Ça va sans dire, i sostenitori della legalizzazione prevedono una riduzione di diverse attività criminose laddove gli oppositori ritengono che sia più probabile un aumento. In linea generale, una legalizzazione induce una cancellazione di alcune forme di reato e quindi è evidente e anche semplicistico affermarlo che vi possa essere una diminuzione dei reati legati alla produzione e allo spaccio della cannabis. Più interessante e complesso è interrogarsi in merito all’eventuale impatto che la legalizzazione può avere sulle attività criminali in generale e non solamente su quelle strettamente legate a produzione e spaccio. Secondo chi si oppone alla legalizzazione, infatti, la maggiore diffusione di una sostanza psicoattiva potrebbe ingenerare un aumento di alcuni reati anche di natura violenta, mentre i fautori della legalizzazione sostengono che la disponibilità di una sostanza ricreativa legale possa da un lato diminuire le interazioni dei consumatori con esponenti della criminalità organizzata – con tutti i rischi che ciò comporta – e dall’altro vi sarebbero anche benefici indiretti in virtù delle risorse di polizia liberate che potrebbero essere destinate ad altre attività di contrasto al crimine.

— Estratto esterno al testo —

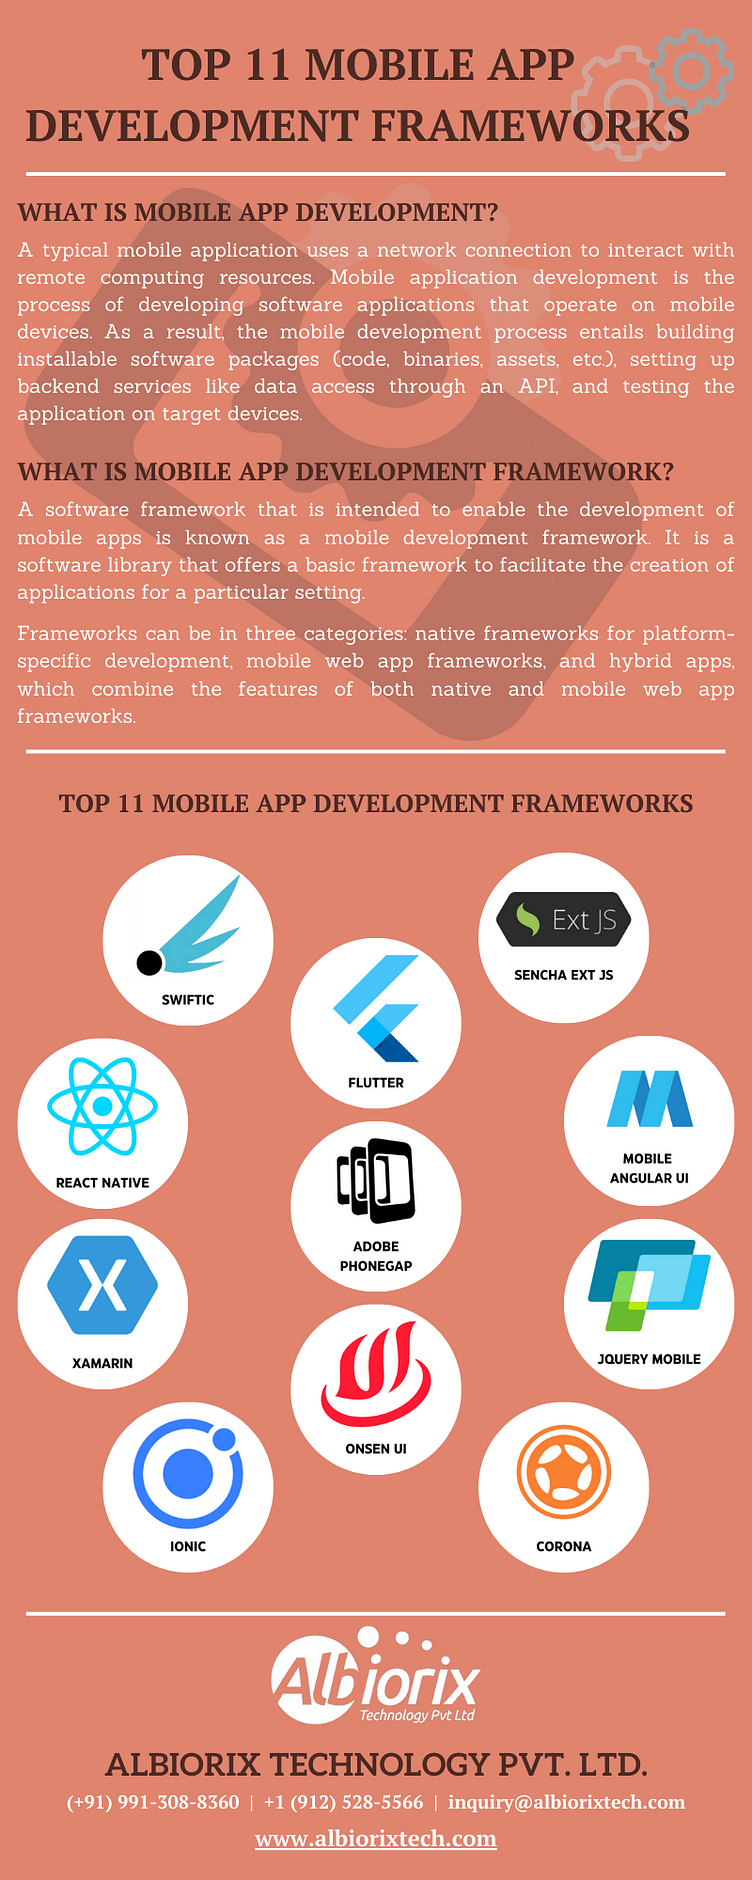 Top Mobile App Development Frameworks by Albiorix Technology on Dribbble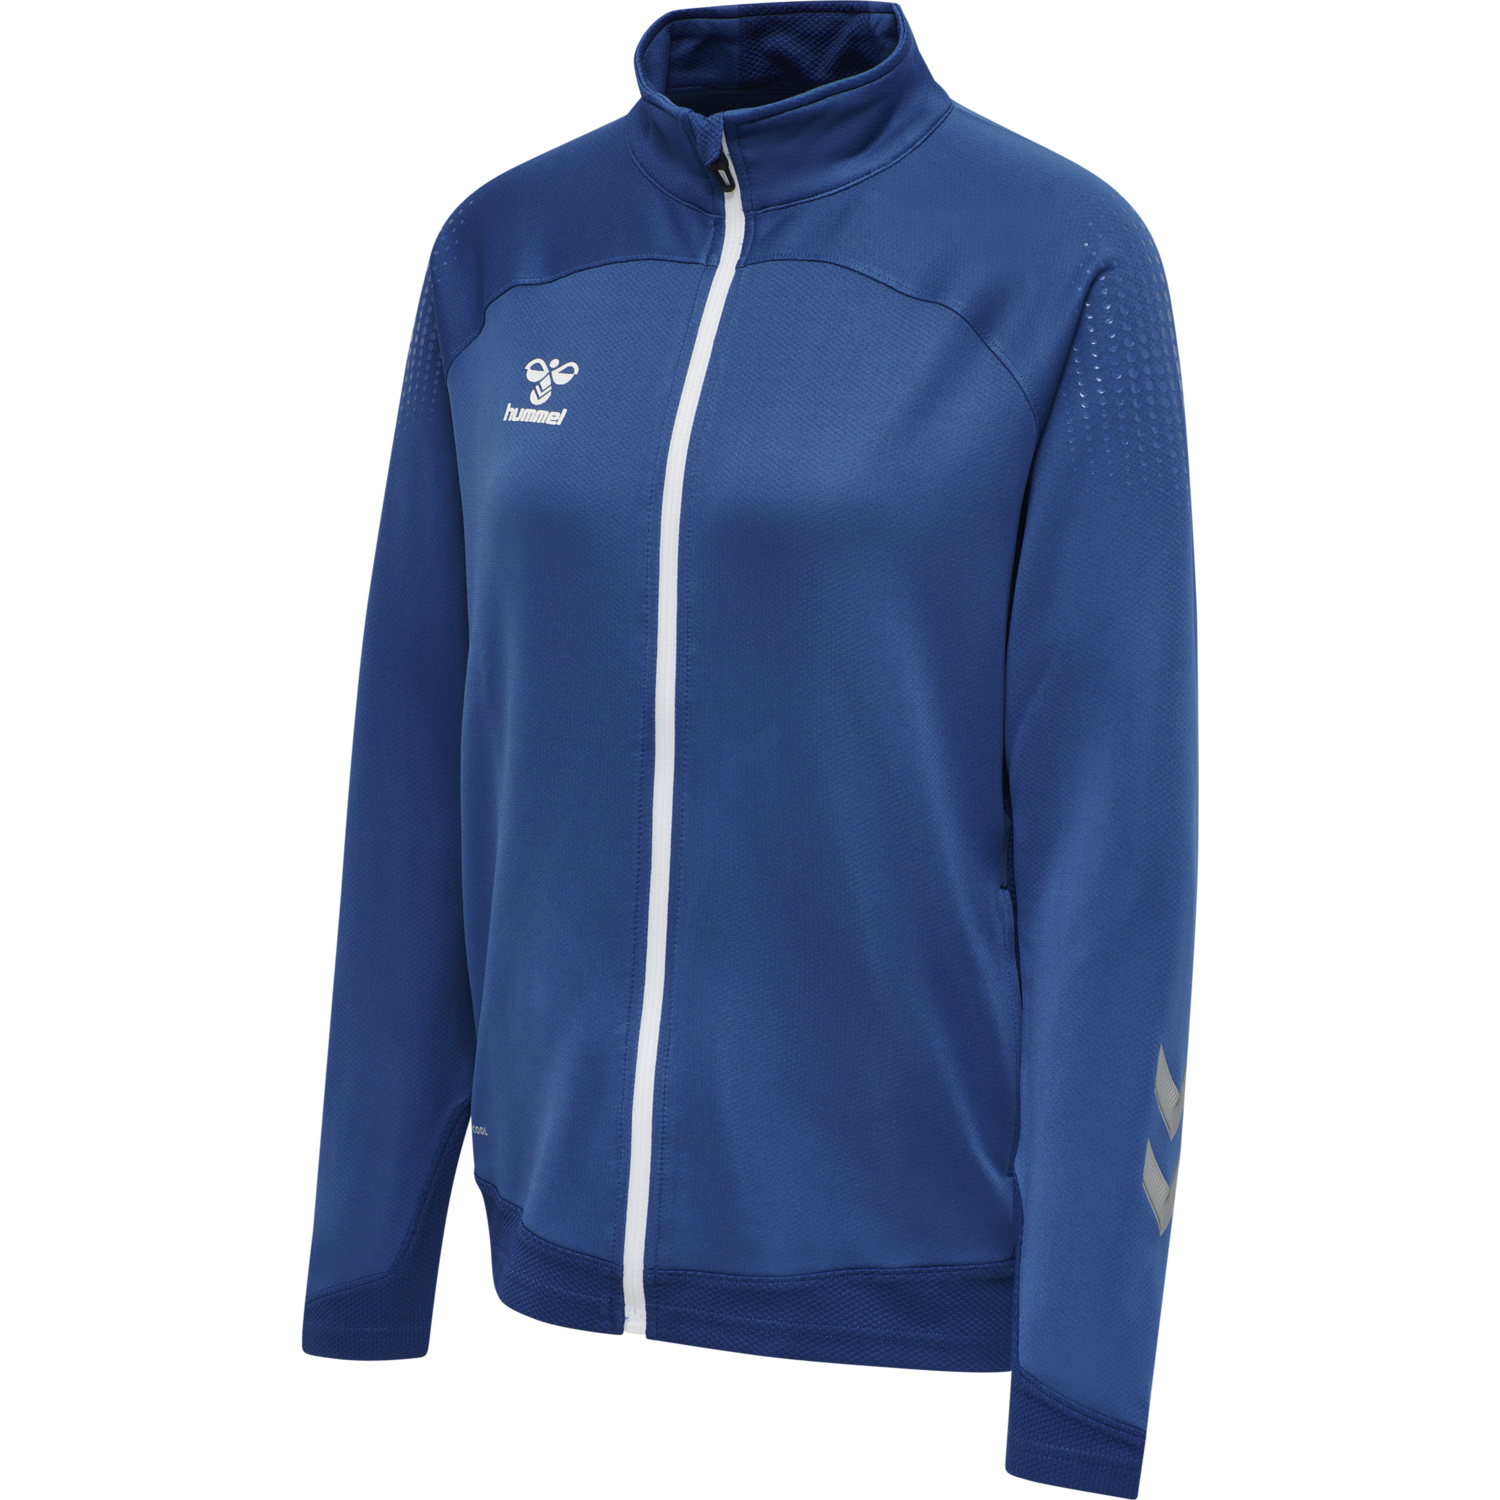 Umbro Sport Womens Jacket Blue Contrast Panels Full Zip Ladies Sports Training

Il traffico e la vendita di marijuana costituiscono solo una parte delle attività criminose ad opera delle organizzazioni mafiose, dunque è plausibile immaginare che possa avvenire una sostituzione con altre sostanze
Dato che nel mondo la tendenza alla legalizzazione della cannabis a fini ricreativi ha preso avvio in alcuni Stati degli Stati Uniti d’America, negli ultimi anni hanno incominciato ad essere finalmente disponibili dati e ricerche riguardo agli effetti della legalizzazione della marijuana nella federazione americana. Le poche evidenze empiriche finora disponibili, però, non consentono di avere un’idea univoca in merito. Un gruppo di ricercatori italiani, utilizzando dati statunitensi, ha pubblicato nel 2019 sul Journal of Economic Behavior and Organization un’indagine che mostra una riduzione di stupri e reati di natura patrimoniale in seguito alla legalizzazione della cannabis in Oregon e nello stato di Washington. Un’ulteriore ricerca pubblicata nel maggio 2020 sulla rivista Journal of Drug Issues ha analizzato gli effetti 'spaziali' della legalizzazione della marijuana, vale a dire l’impatto che l’'apertura' in alcuni Stati ha prodotto nelle aree limitrofe, dove la sostanza è rimasta illegale. Lo studio mostra che nelle contee limitrofe agli stati del Colorado e di Washington si è avuta una riduzione dei reati contro il patrimonio e di furti, in virtù della tendenza razionale dei consumatori a muoversi per l’approvvigionamento nelle aree in cui la droga è diventata legale. A distanza di pochi mesi, comunque, una nuova ricerca pubblicata sul Journal of Criminal Justice, che utilizzava peraltro la medesima metodologia statistica per quanto attiene allo stato dell’Oregon, ritrovava risultati contrari indicando un aumento sia dei reati contro il patrimonio sia dei crimini violenti. E solo pochi mesi prima, nel 2020, una ricerca pubblicata sulla rivista Justice Quartely da parte di un gruppo di lavoro dell’Università del Colorado aveva mostrato che la legalizzazione della marijuana poteva dirsi associata all’aumento di alcune forme di crimine.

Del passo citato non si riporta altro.